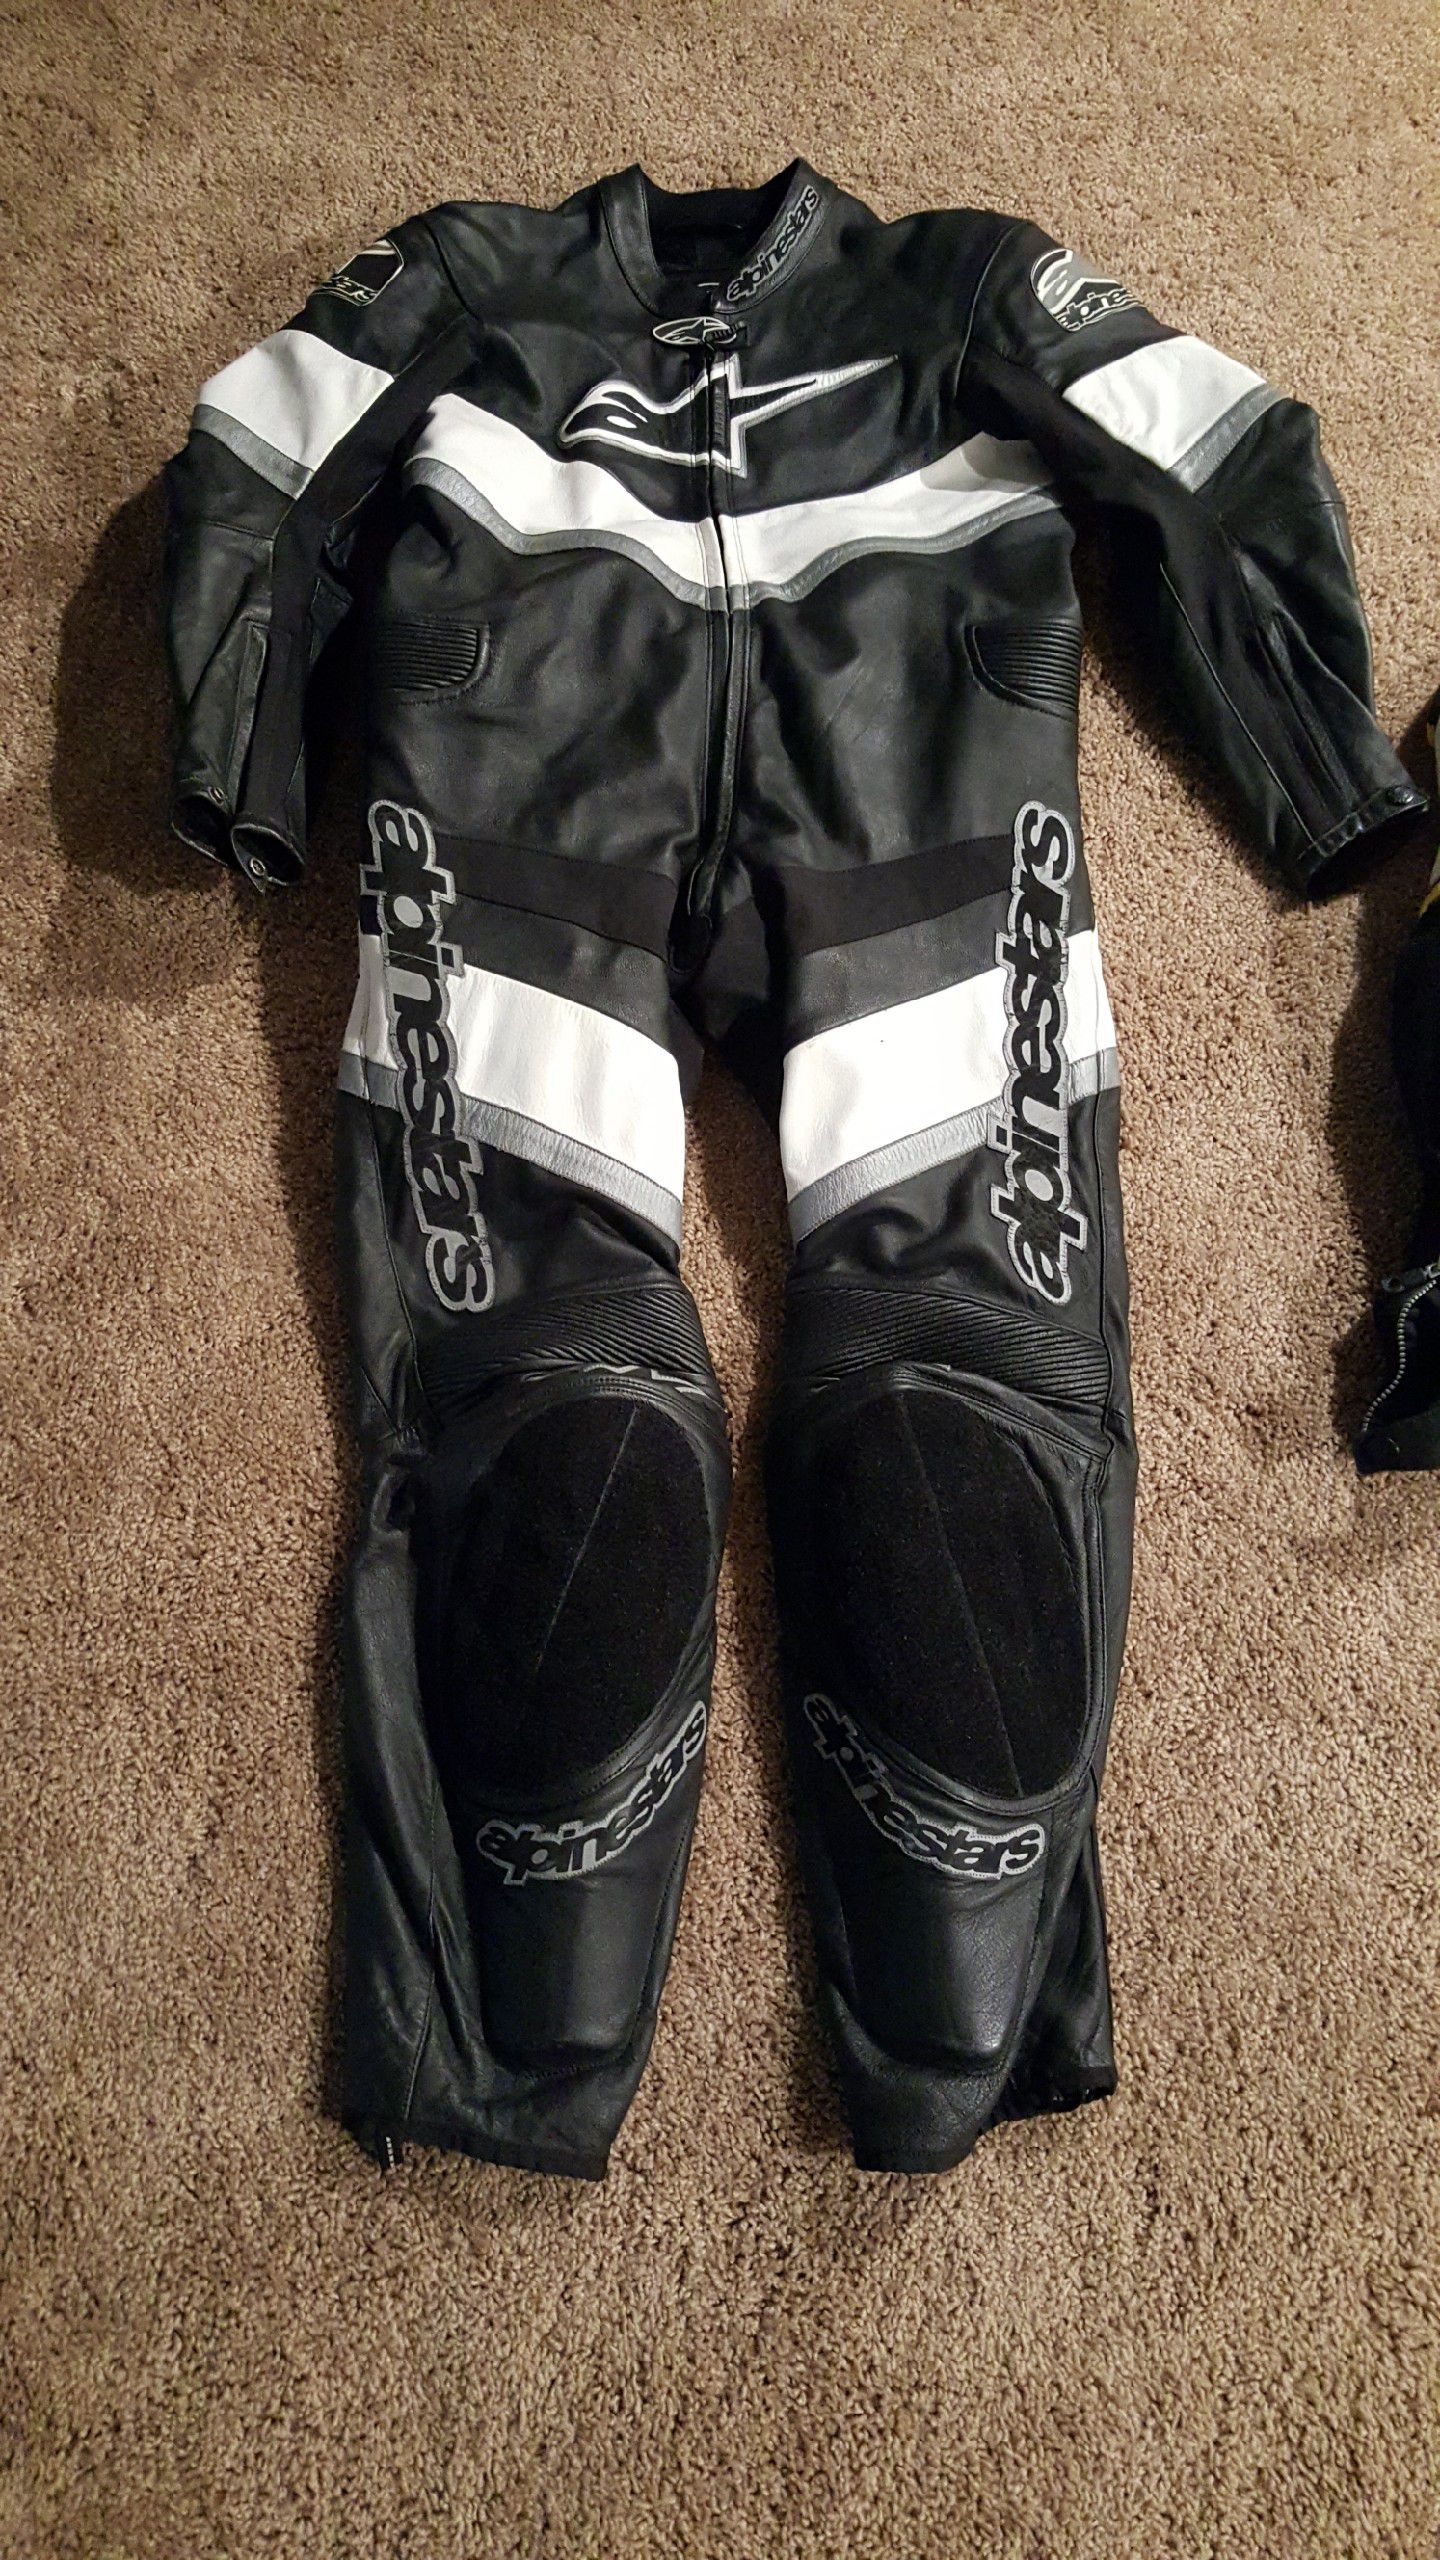 Alpinestars leather bike suit
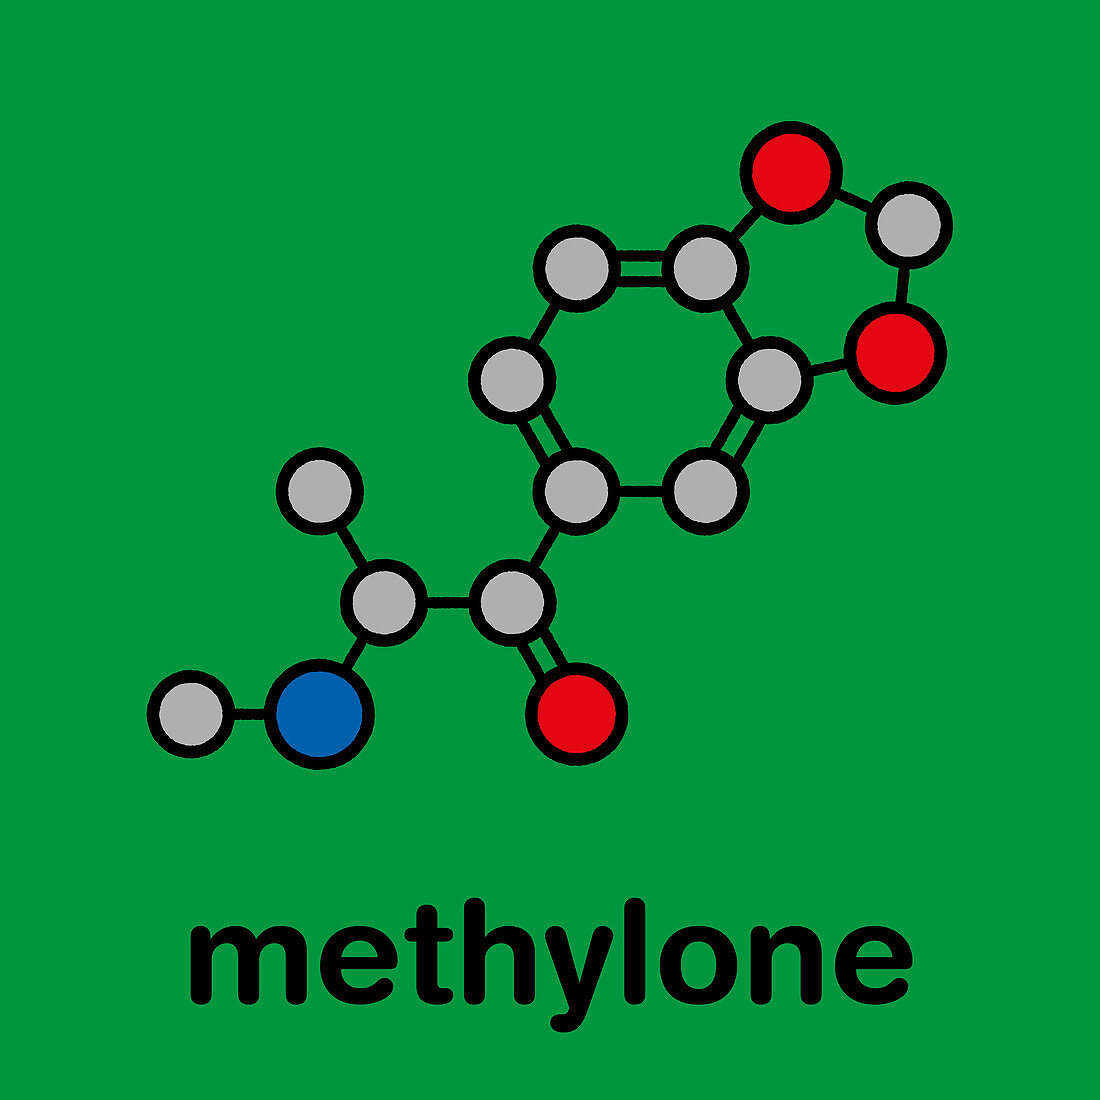 Methylone stimulant molecule, illustration
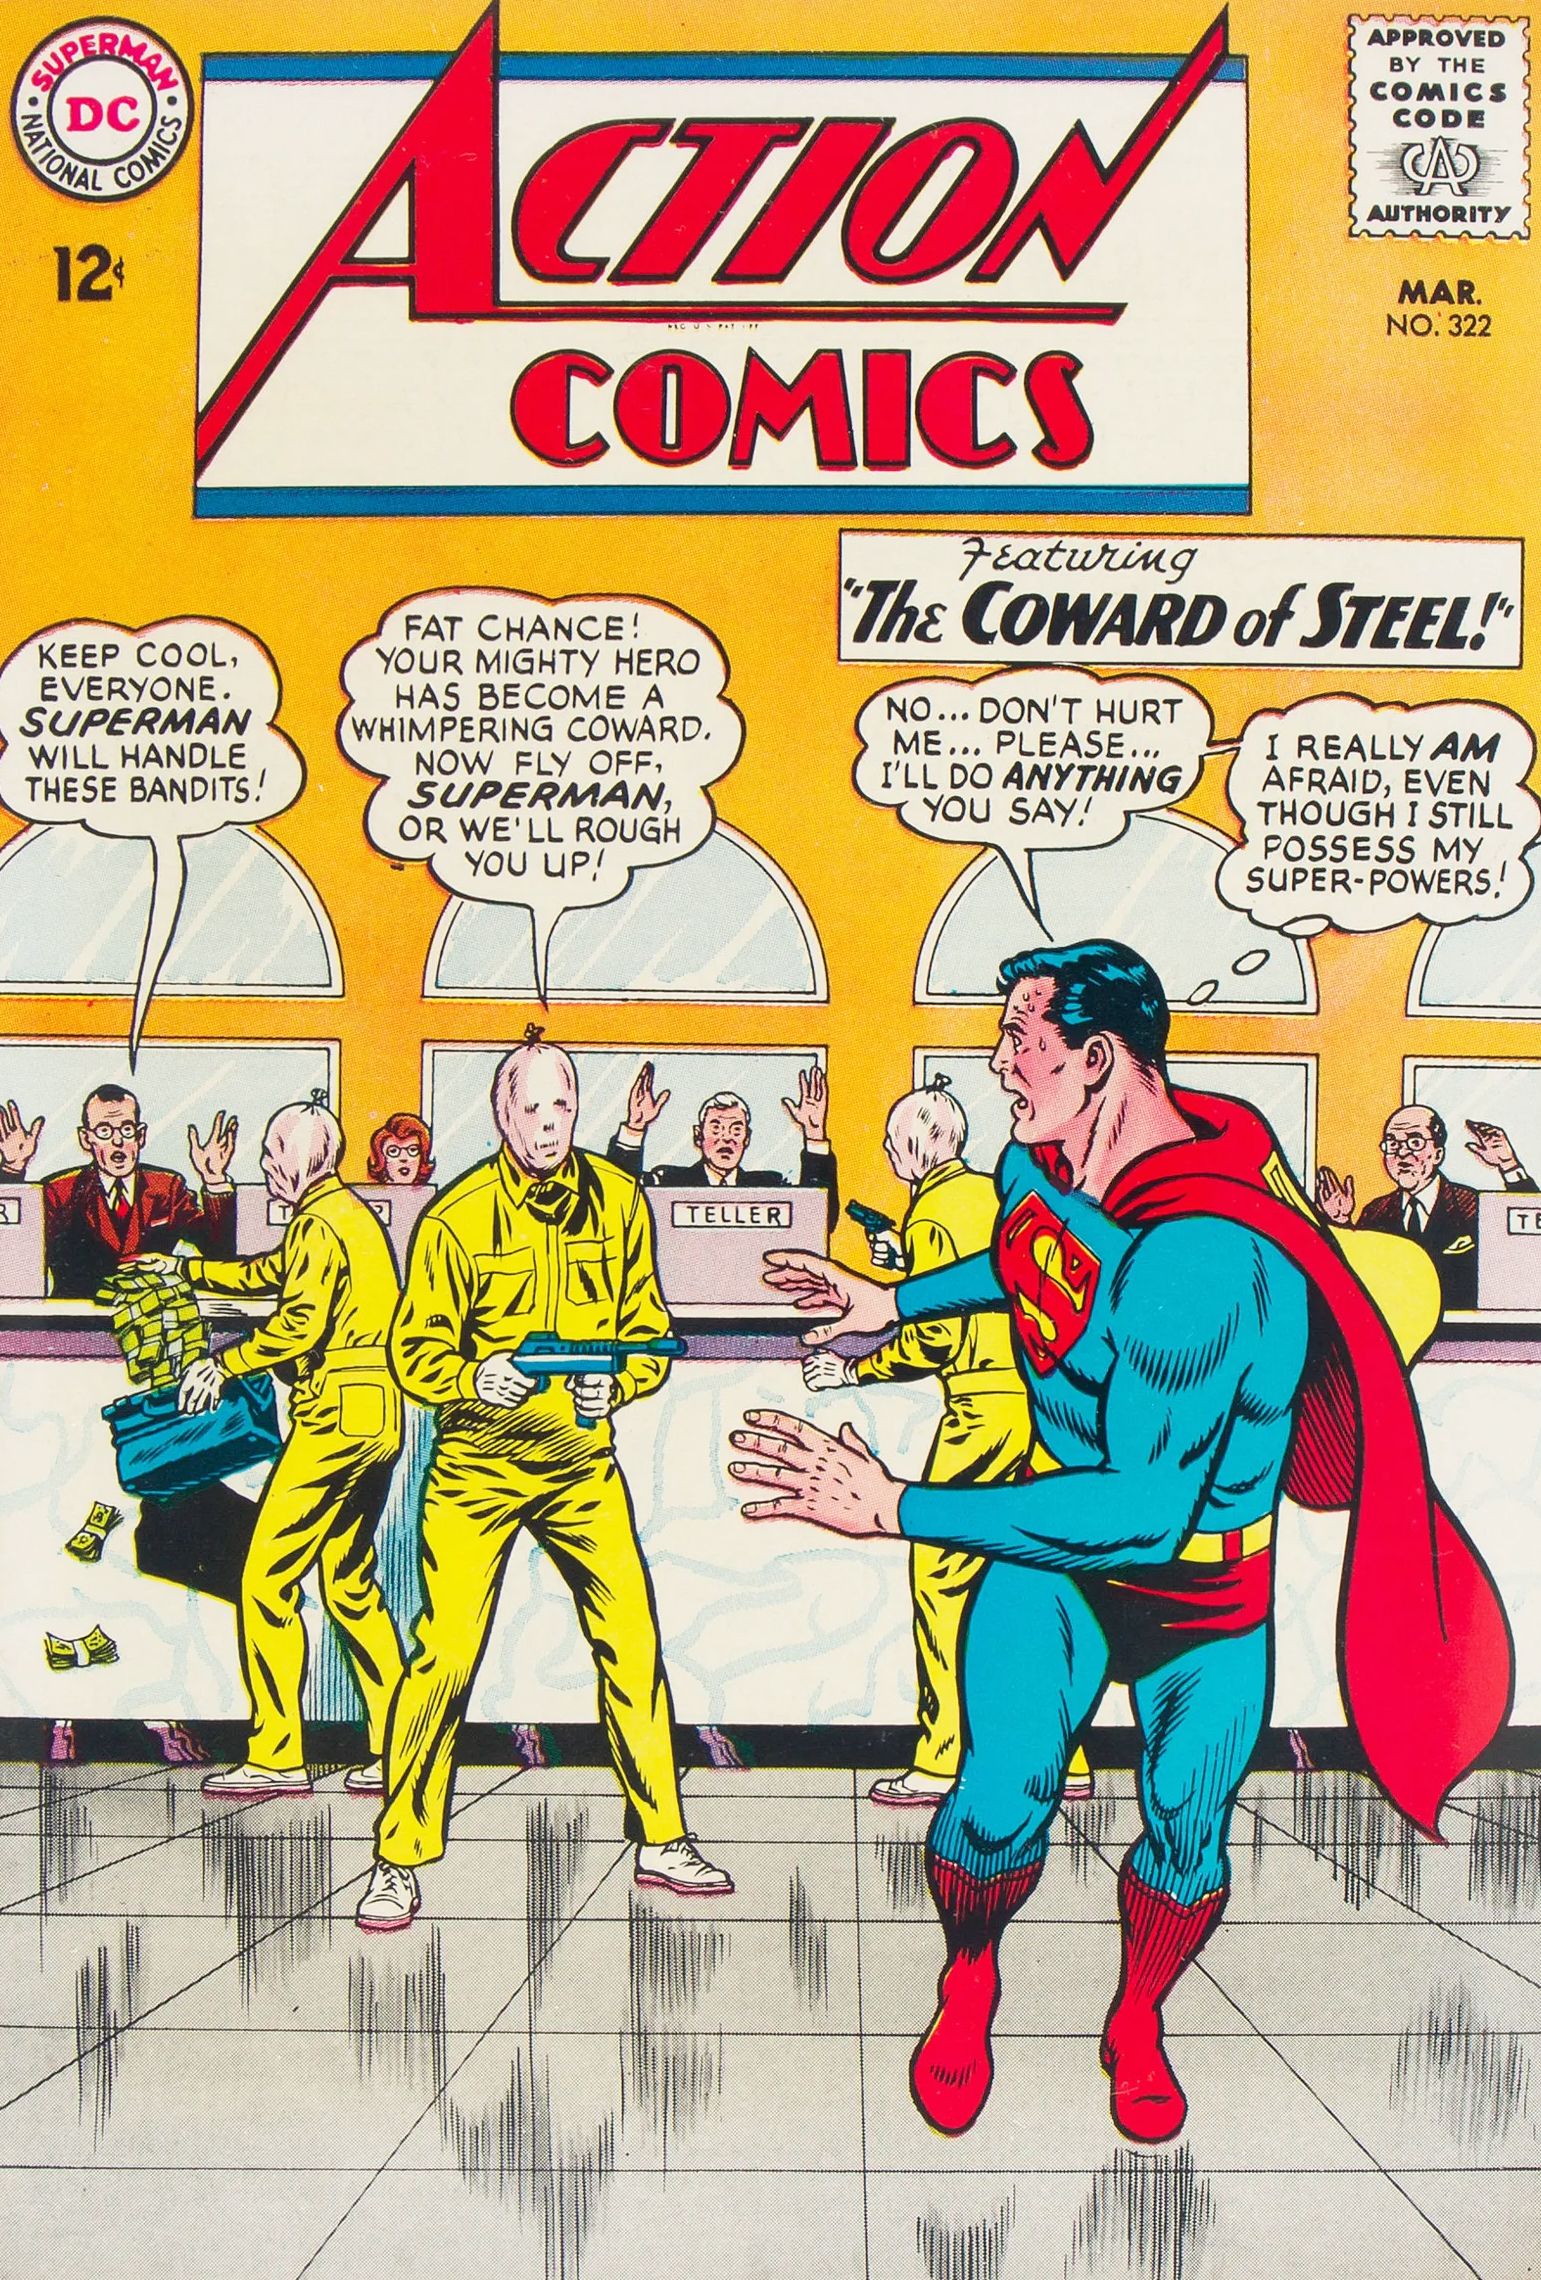 Action Comics #322 Comic

(Your task)
Make an exact copy of the whole listing, but don't bring over any pictures.

(Task answer)
 Alpinestars leather bike suit
 Methylone stimulant molecule, illustration
 Action Comics #322 Comic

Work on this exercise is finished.